周一早晨,他走进教室时,下意识地朝林晚晴的座位瞥了一眼。她已经在低头看书,侧脸安静,马尾松松地扎着,鹅黄色的毛衣领口露出一截。似乎感受到了目光,她抬起头,恰好与他对视。没有预想中的尴尬或俏皮,她只是很浅地笑了一下,点了点头,随即又低下头去,仿佛那半个苹果的“抢劫案”从未发生。
李致远心里那点说不清的期待,轻轻落了空。他走到自己座位,放下书包。手指触到抽屉里一个硬硬的、略带弧度的东西。他顿了顿,伸手进去,摸出一个用天蓝色闪星彩纸包着的物件,方方正正,系着银色的细丝带。彩纸在北方冬季干燥的空气中,发出轻微的窸窣声。
他坐下来,在早读课开始前的嘈杂声中,小心地拆开。里面是一个大大的红苹果,色泽鲜润,个头比他那天那个还大些。苹果上贴着一张浅黄色的便签纸,上面是清秀而不失力道的小字:
“礼尚往来。昨天谢啦!——林”
一个简单的冒号,一个俏皮的波浪线。李致远捏着那张便签纸,看了好几遍。指尖似乎能感受到写字时笔尖的力度。他把便签纸小心地对折,夹进了常用的物理竞赛习题集里。那个苹果,他舍不得吃,放在课桌抽屉最里面,靠着冰冷的铁皮。偶尔伸手进去拿书,指尖碰到那光滑微凉的表面,心里会蓦地静一下,又泛起一丝微澜。
物理课上,讲到电磁感应。老师用枯燥的声音念着:“闭合导体在磁场中做切割磁感线运动,会产生感应电流……”李致远目光掠过黑板上的公式,不由自主地飘向斜前方。林晚晴坐得笔直,正认真记着笔记,偶尔蹙眉思考,鼻尖在冬日透过窗玻璃的稀薄阳光下,显得有点透明。她的手腕很细,随着写字轻轻移动。他忽然想到,切割磁感线产生电流,那么,人与人之间无形的“磁场”被某些偶然的动作“切割”,是否也会产生某种看不见的“电流”,悄悄改变着什么?

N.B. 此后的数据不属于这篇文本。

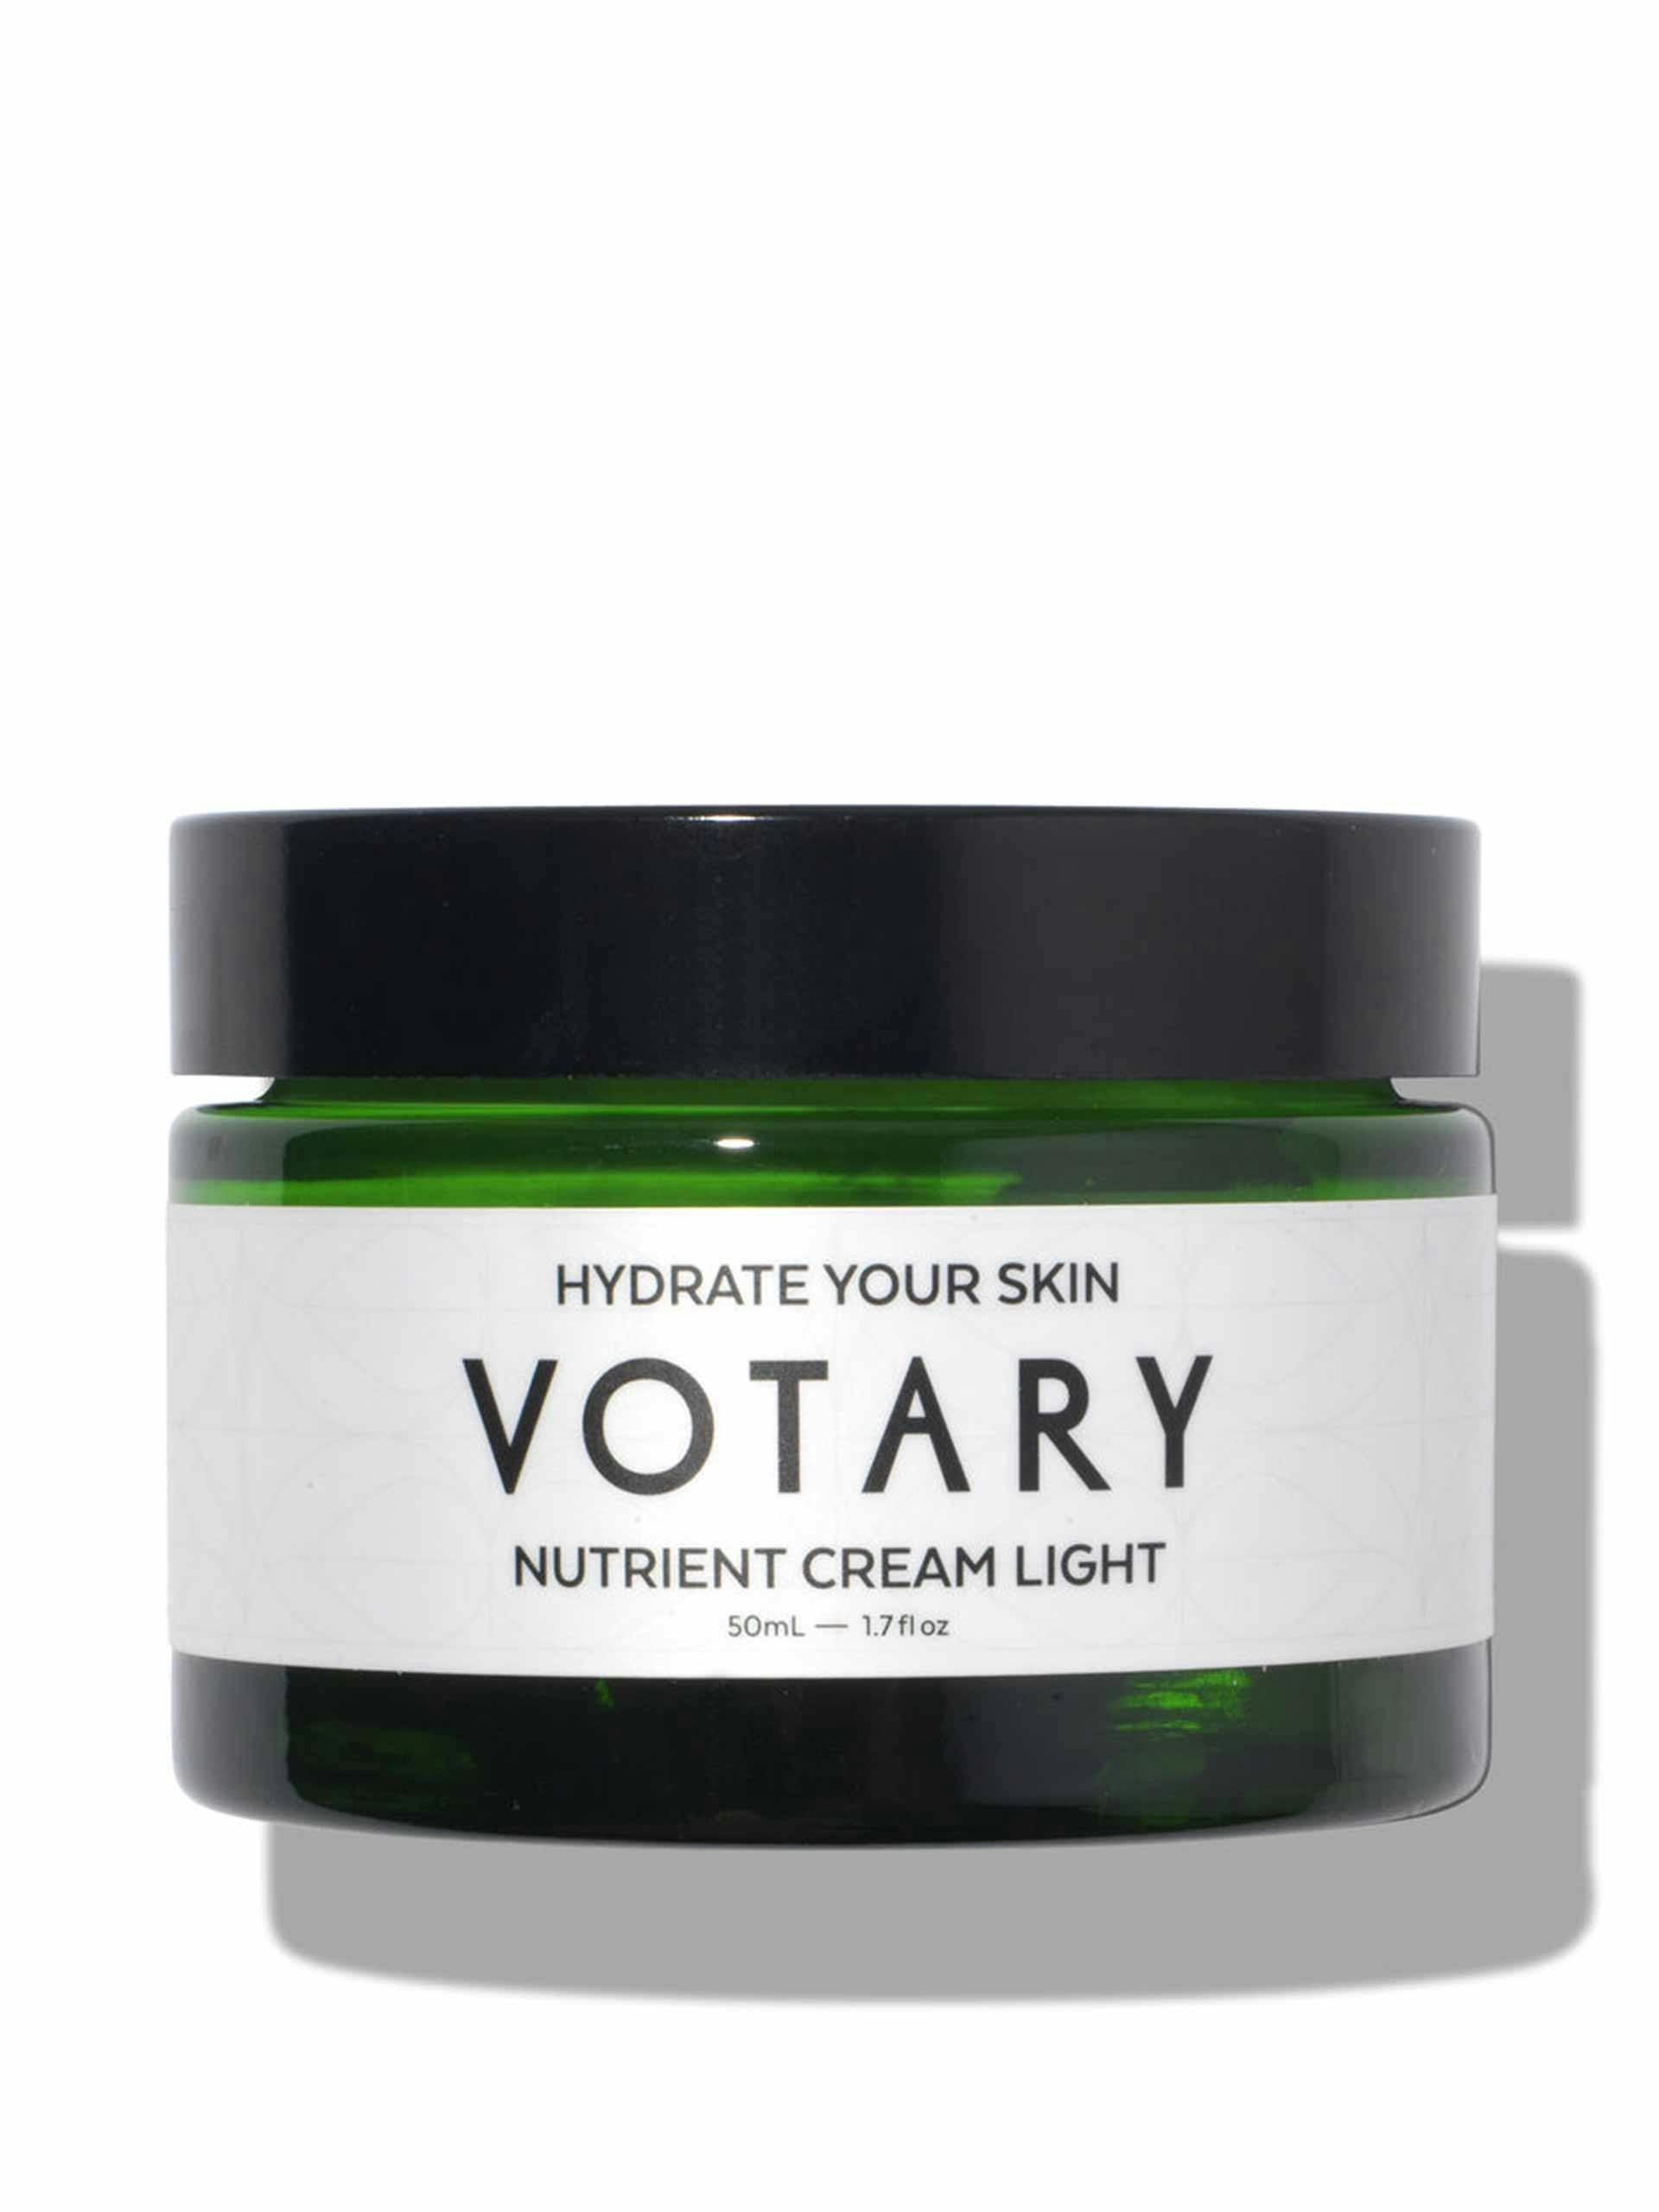 Lightweight hydrating nutrient cream

下课铃响,他去讲台帮老师收拾仪器。往回走时,经过林晚晴的座位。她正和同桌女生讨论刚才的一道题,声音轻柔,带着点困惑。李致远脚步顿了一秒,几乎没经过思考,低声快速地说:“那道题的关键是洛伦兹力不做功,但改变电荷运动方向。”说完,他自己先愣了一下,耳根有点发热。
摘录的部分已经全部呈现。